Records for this exercise
*** Block opens ***

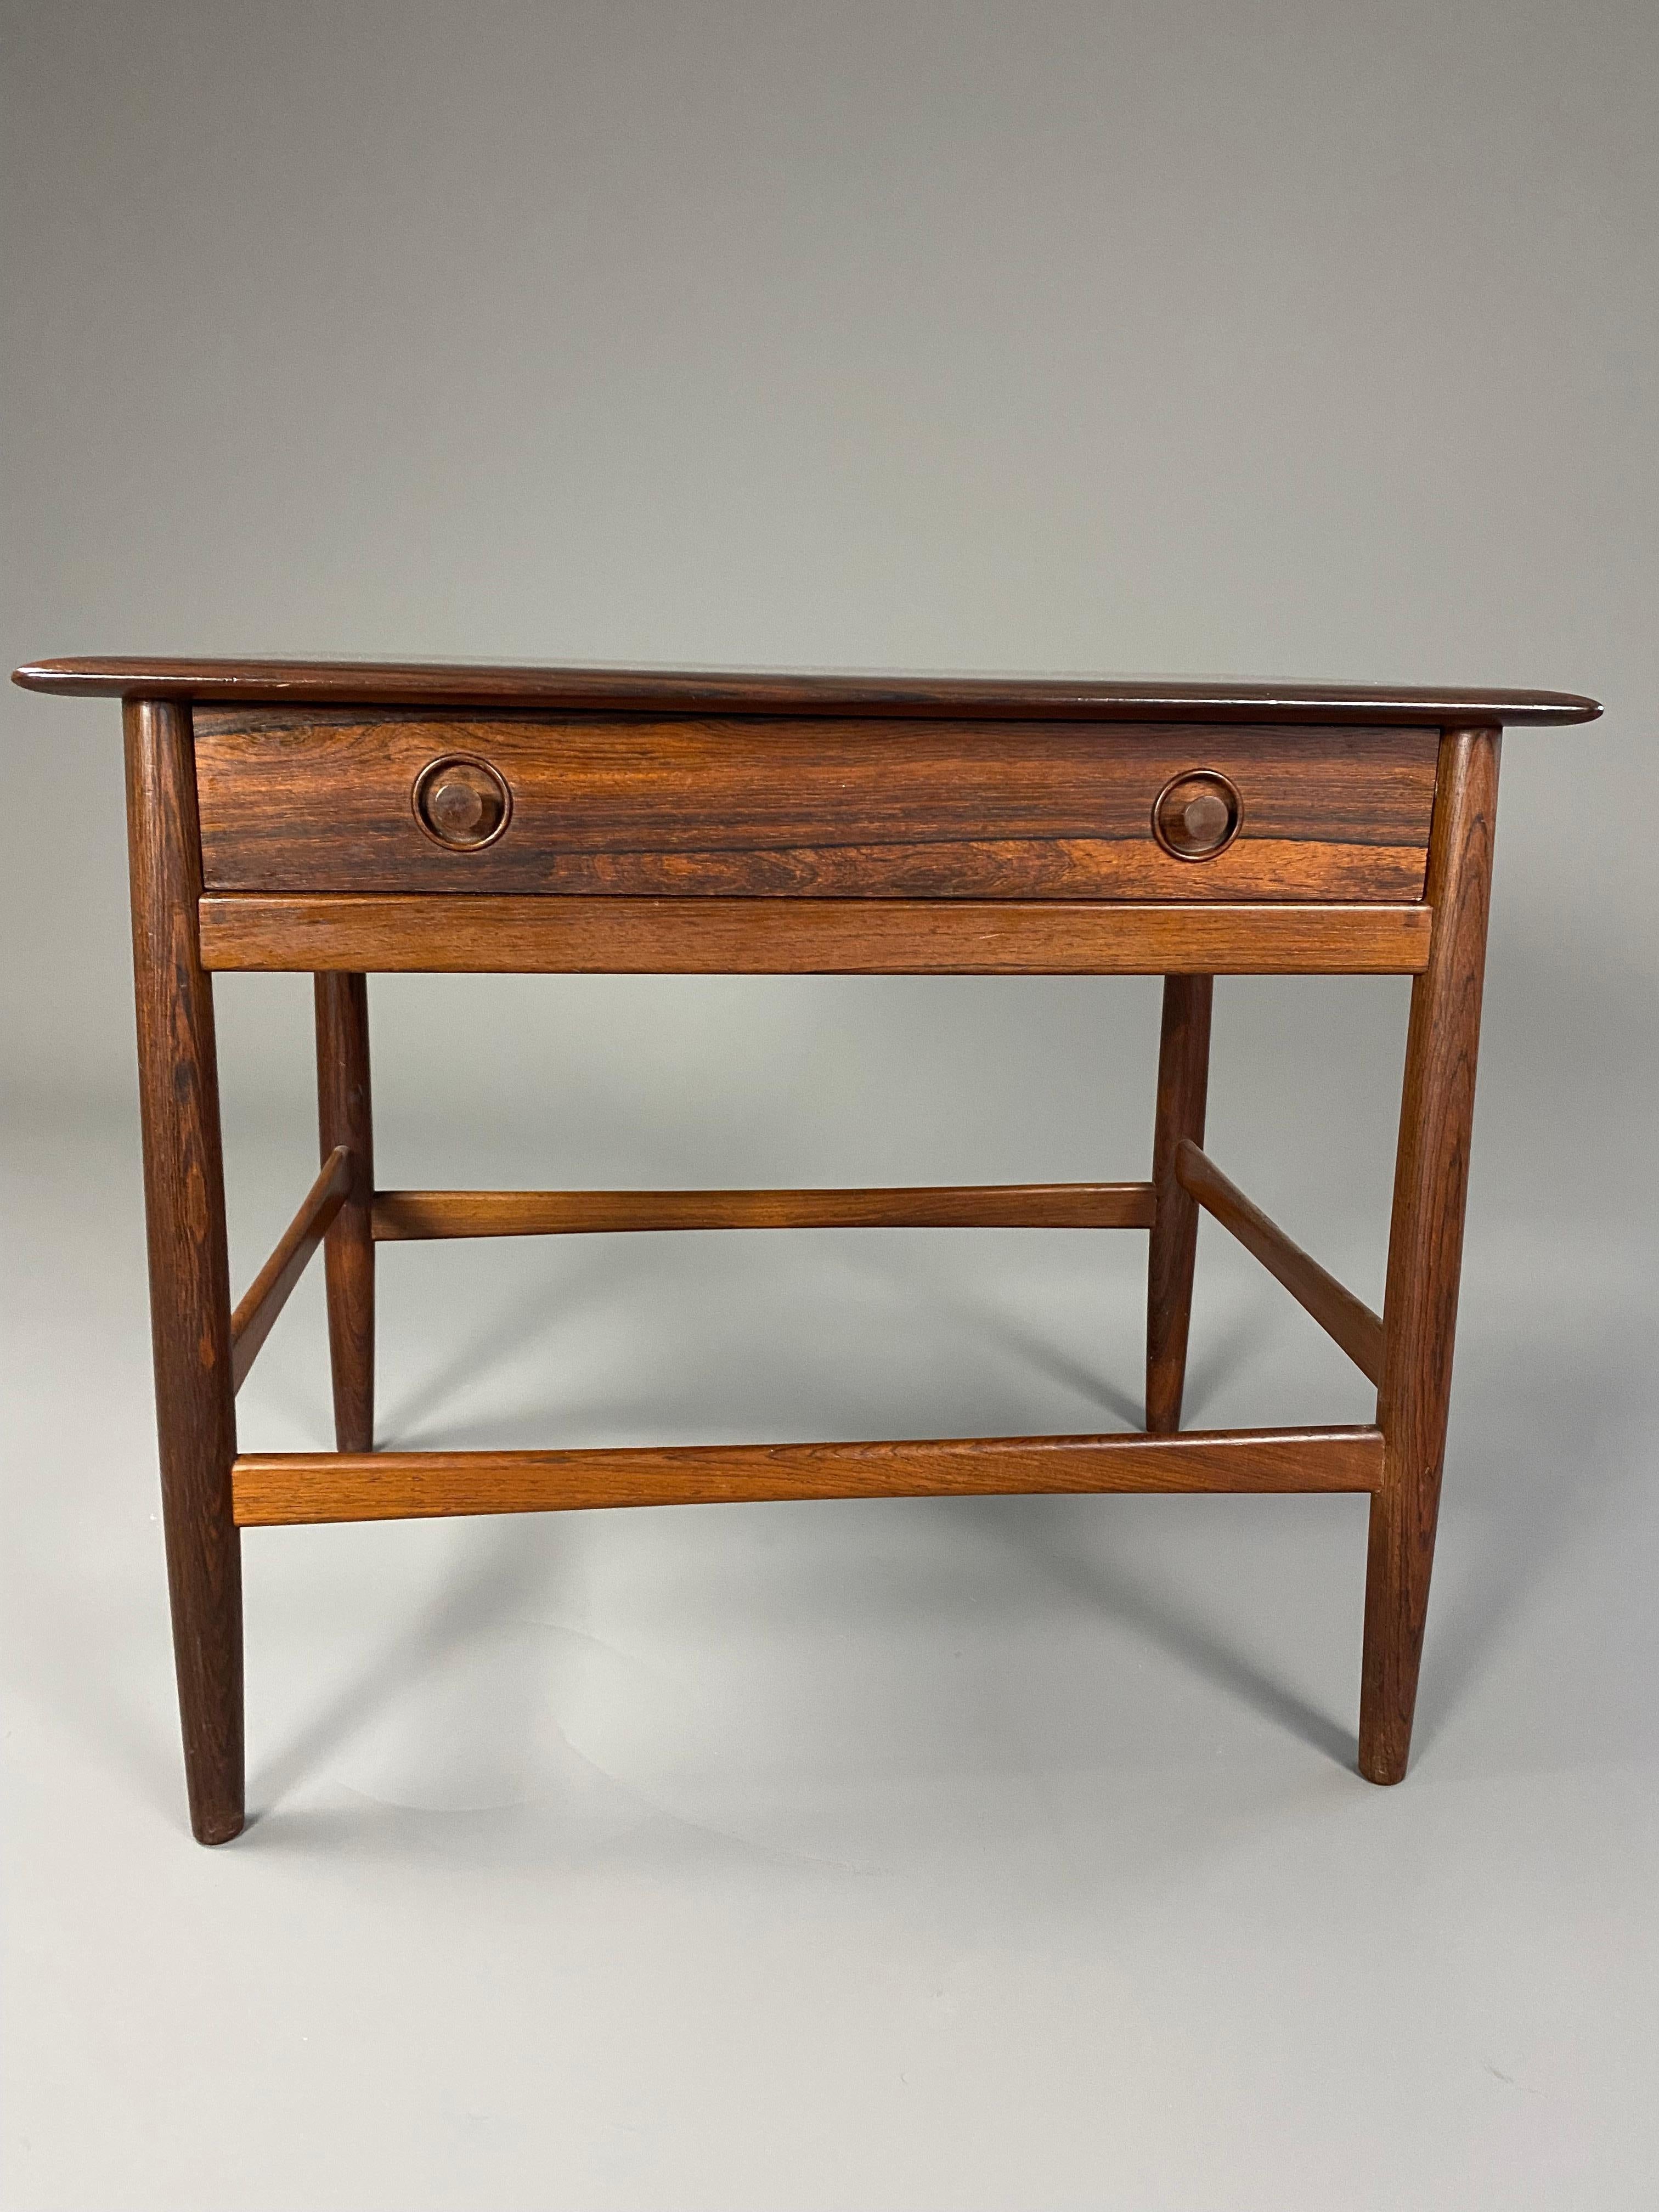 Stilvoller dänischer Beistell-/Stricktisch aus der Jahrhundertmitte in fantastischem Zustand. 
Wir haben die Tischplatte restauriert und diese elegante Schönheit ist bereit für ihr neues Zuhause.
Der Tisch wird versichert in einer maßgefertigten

*** Block closes ***
*** Block opens ***

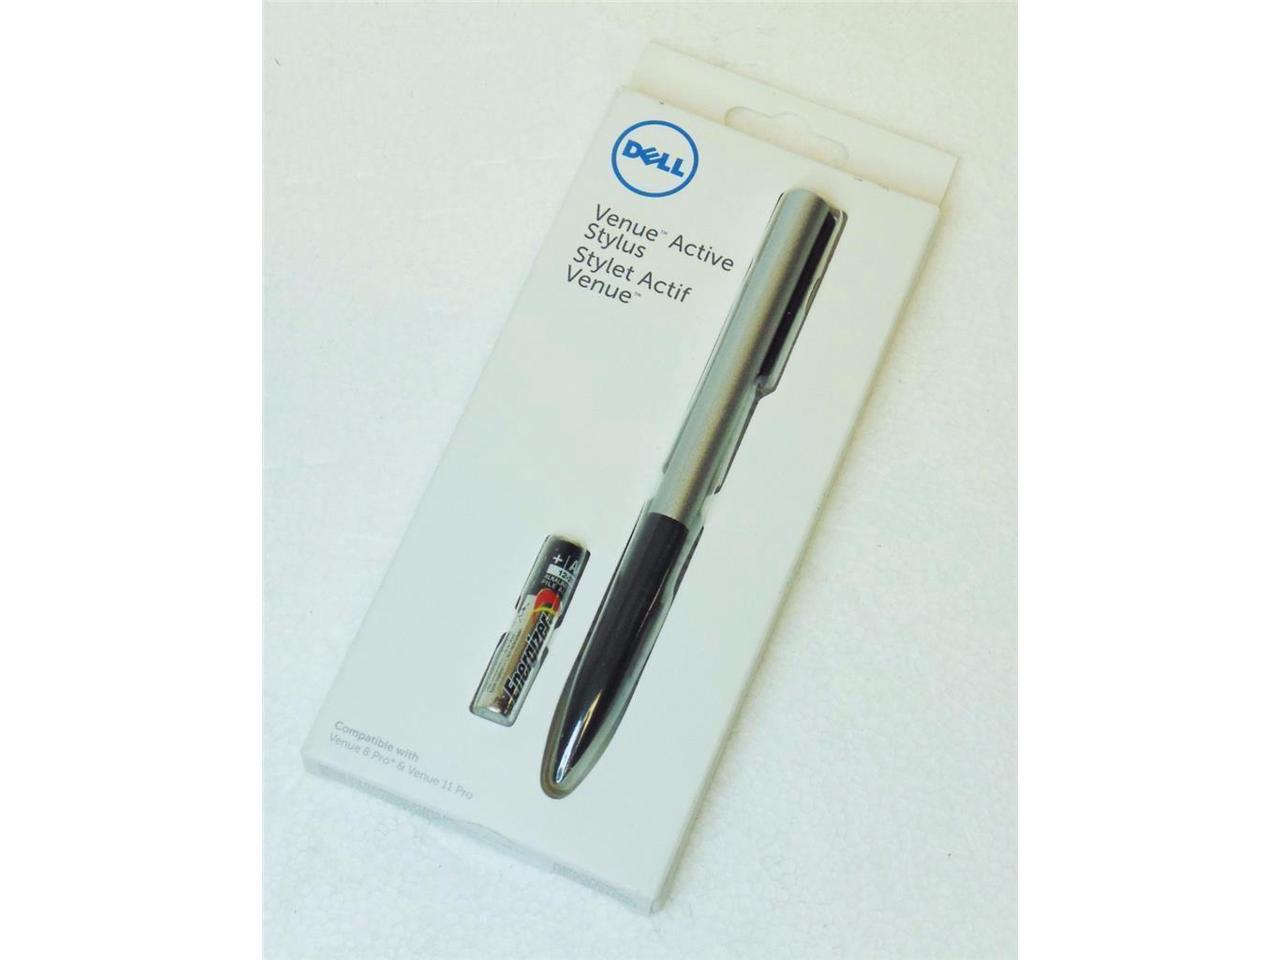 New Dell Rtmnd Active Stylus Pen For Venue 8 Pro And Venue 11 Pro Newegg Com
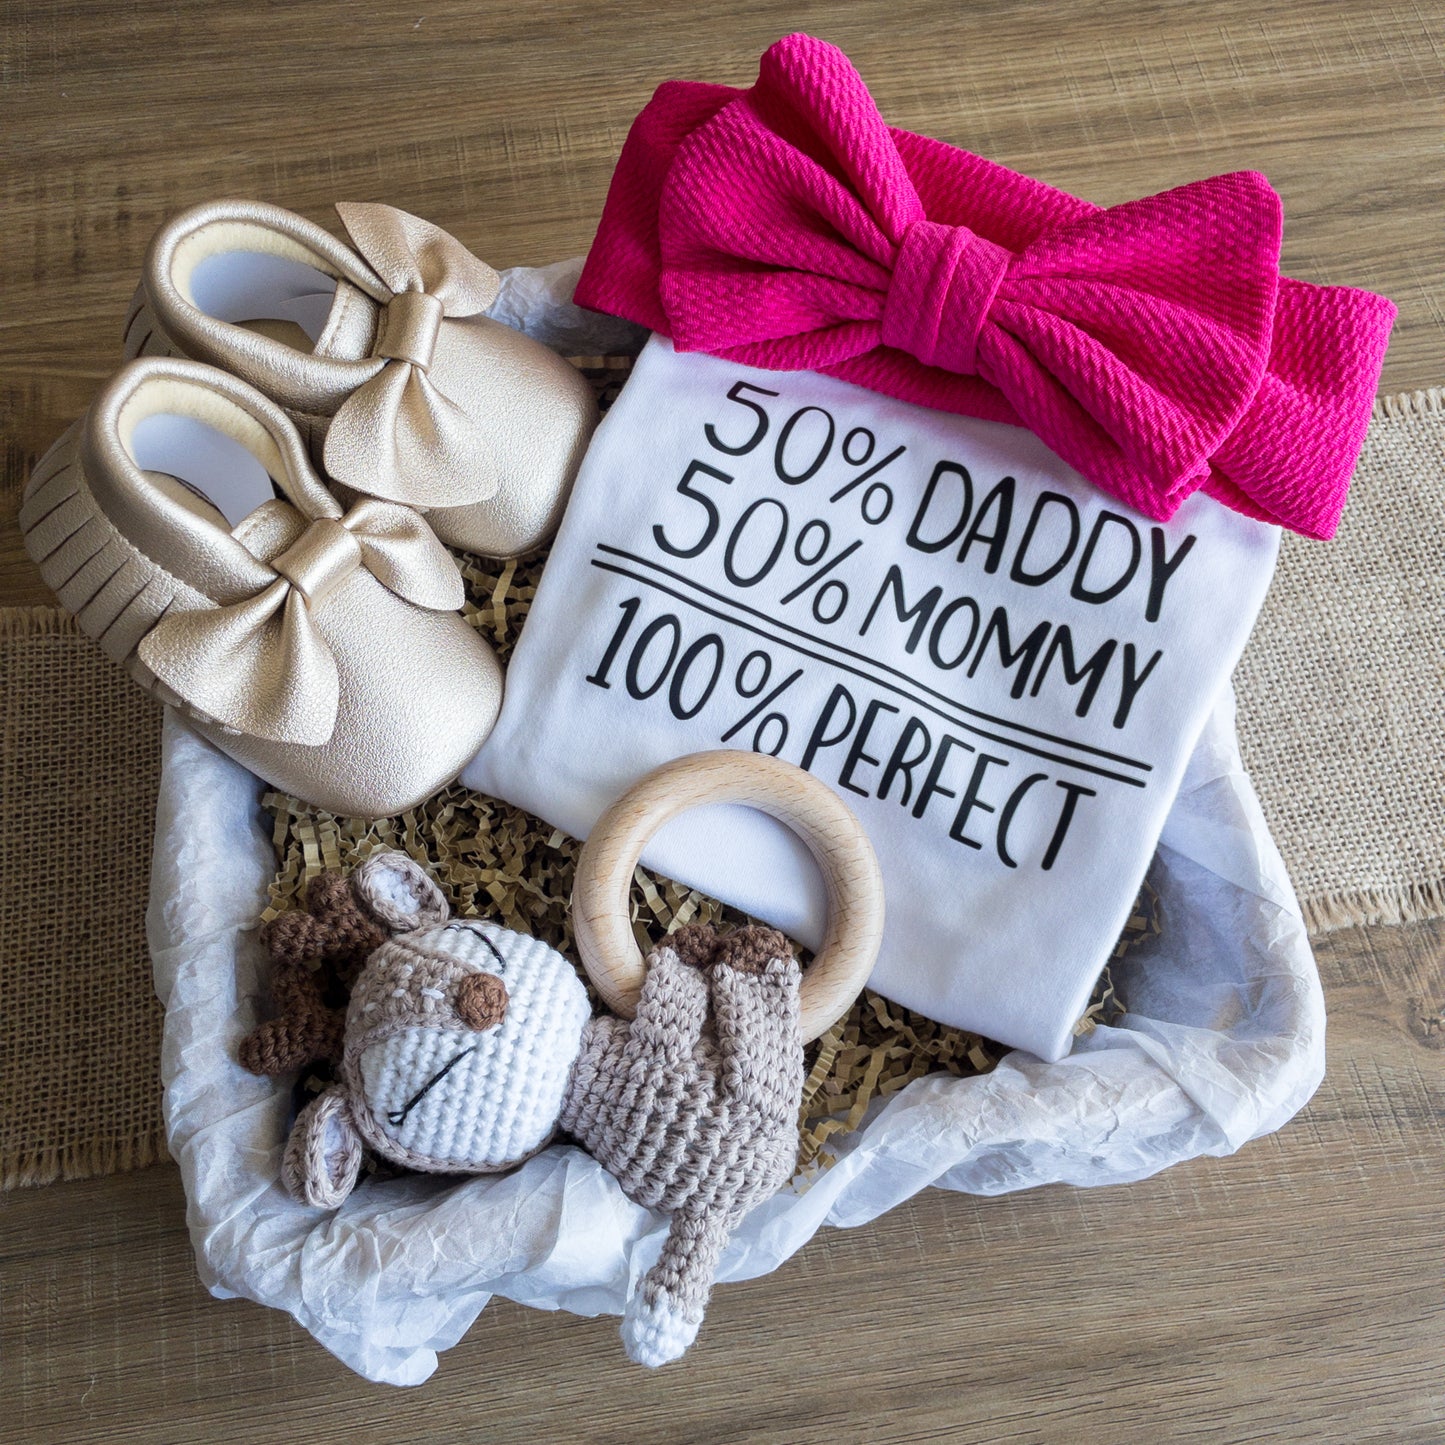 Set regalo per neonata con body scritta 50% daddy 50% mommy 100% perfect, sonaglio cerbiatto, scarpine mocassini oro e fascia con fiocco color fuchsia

*** Block closes ***
*** Block opens ***

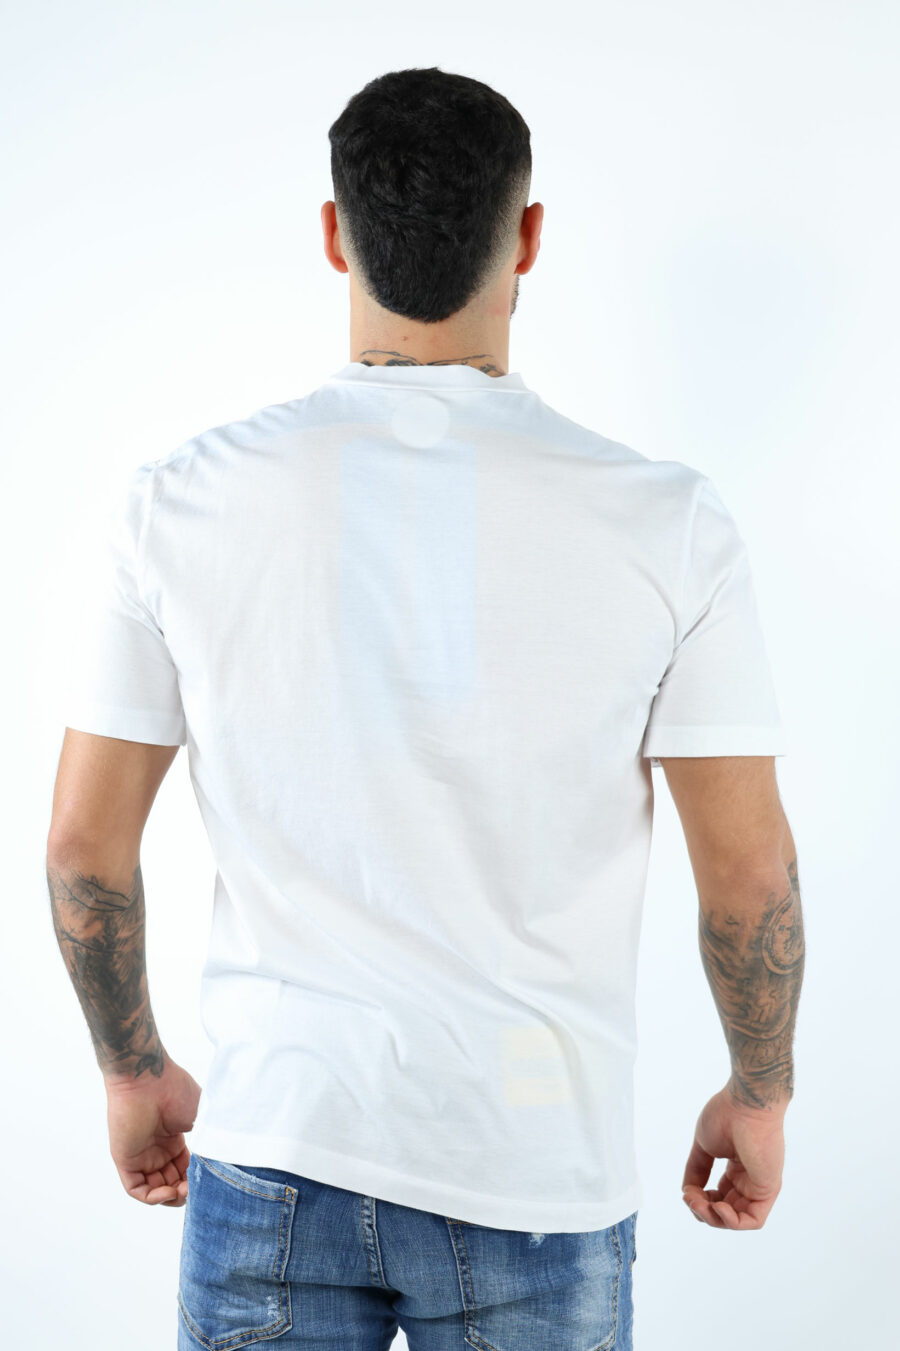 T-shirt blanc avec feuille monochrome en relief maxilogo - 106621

*** Block closes ***

Task prompt
Among the entries above, take the line with "Stilvoller dänischer Beistell-/Stricktisch", the line with "Der Tisch wird", and all the lines between them, and restate them word for word without pictures.

Response area
 Stilvoller dänischer Beistell-/Stricktisch aus der Jahrhundertmitte in fantastischem Zustand. 
Wir haben die Tischplatte restauriert und diese elegante Schönheit ist bereit für ihr neues Zuhause.
Der Tisch wird versichert in einer maßgefertigten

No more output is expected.